Memo to Orchestras: Do More Opera

It was that rarest of sights when I walked into the Cleveland Orchestra’s hall on Sunday afternoon: a dark curtain drawn across the stage.

Rare, that is, in a concert hall. Orchestras don’t tend to have dramatic unveilings before they start to play. And while Cleveland has done near-annual opera presentations over the past two decades, the ensemble has almost always been onstage alongside the singers, as the stagings have worked around (and sometimes incorporated) the presence of dozens of players.

But for Mozart’s “The Magic Flute,” which ended a sold-out four-performance run at Severance Music Center on Sunday, the orchestra was lowered into an honest-to-goodness pit, and the curtain was closed at the start, just as it would have been in an opera house.

It was a reminder that opera — expensive to put on and not to everyone’s taste, though with a passionate fan base — has been ever harder to find in American cities.
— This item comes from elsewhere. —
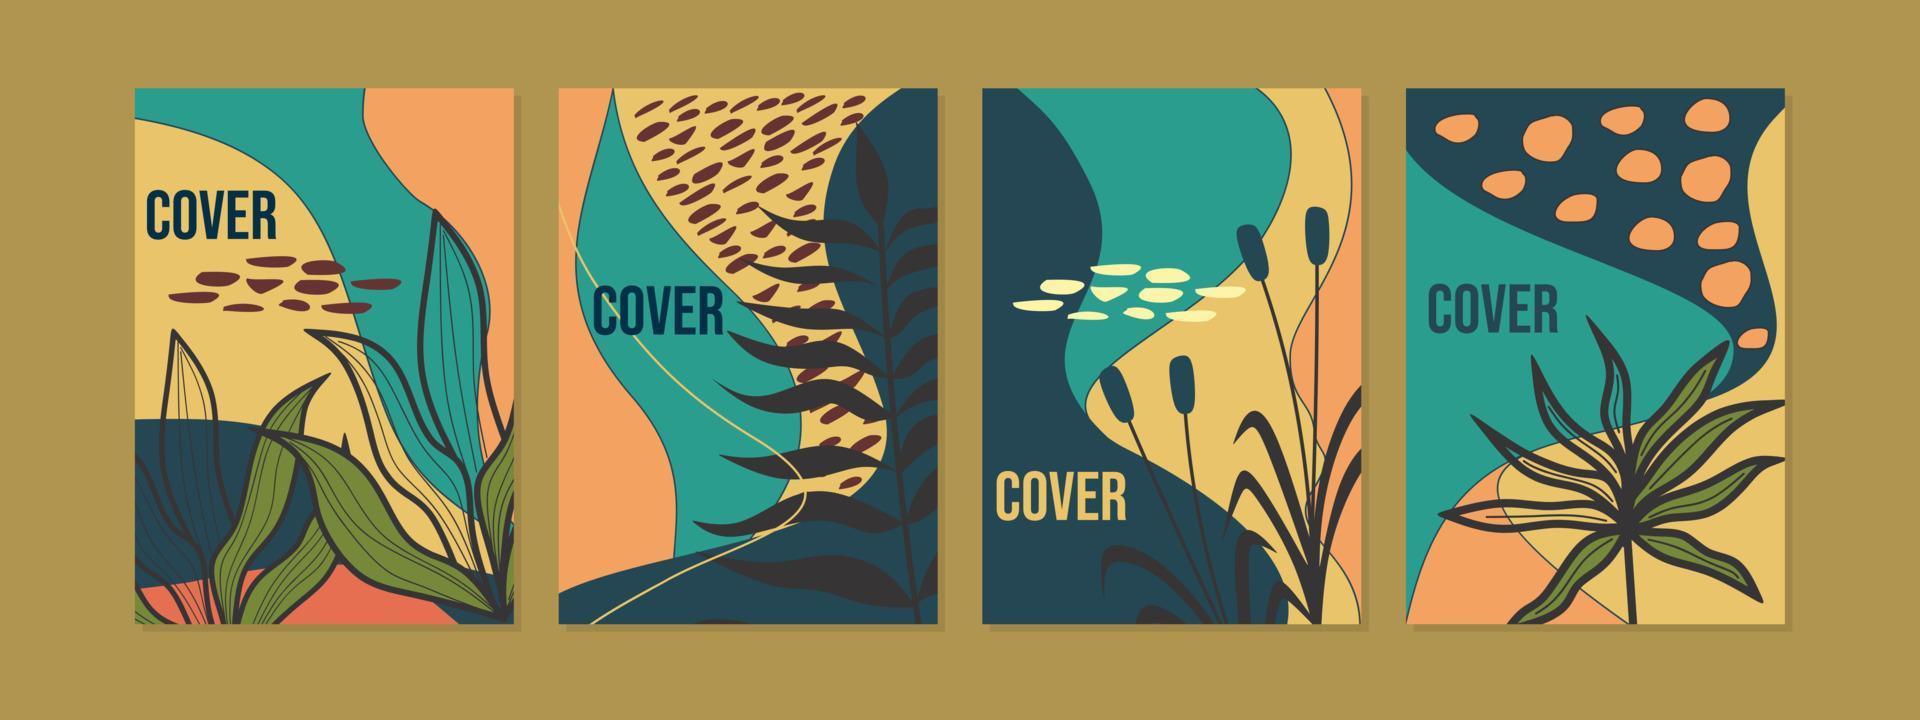 conjunto de diseño de portada botánica abstracta de 4 páginas en tamaño de diseño a4.fondo de dibujos animados dibujados a mano.para cuadernos, planificadores, folletos, libros, catálogos. vector

And a reminder that orchestras can — and should! — summon the resources to fill even a bit of that gap.

As the Cleveland Orchestra’s president and chief executive, André Gremillet, said in an interview, “This city doesn’t otherwise have world-class opera.” Cleveland Opera, a company that did present world-class offerings for several decades, faded away about 15 years ago, and a couple of companies left in its wake offer just a smattering of smaller-scale performances.

And yet there is a hunger for the art form, and an opportunity for orchestras around the country to expand their audiences. “There are people who are not here every week,” Gremillet said, “who will come to the opera — and more than once.”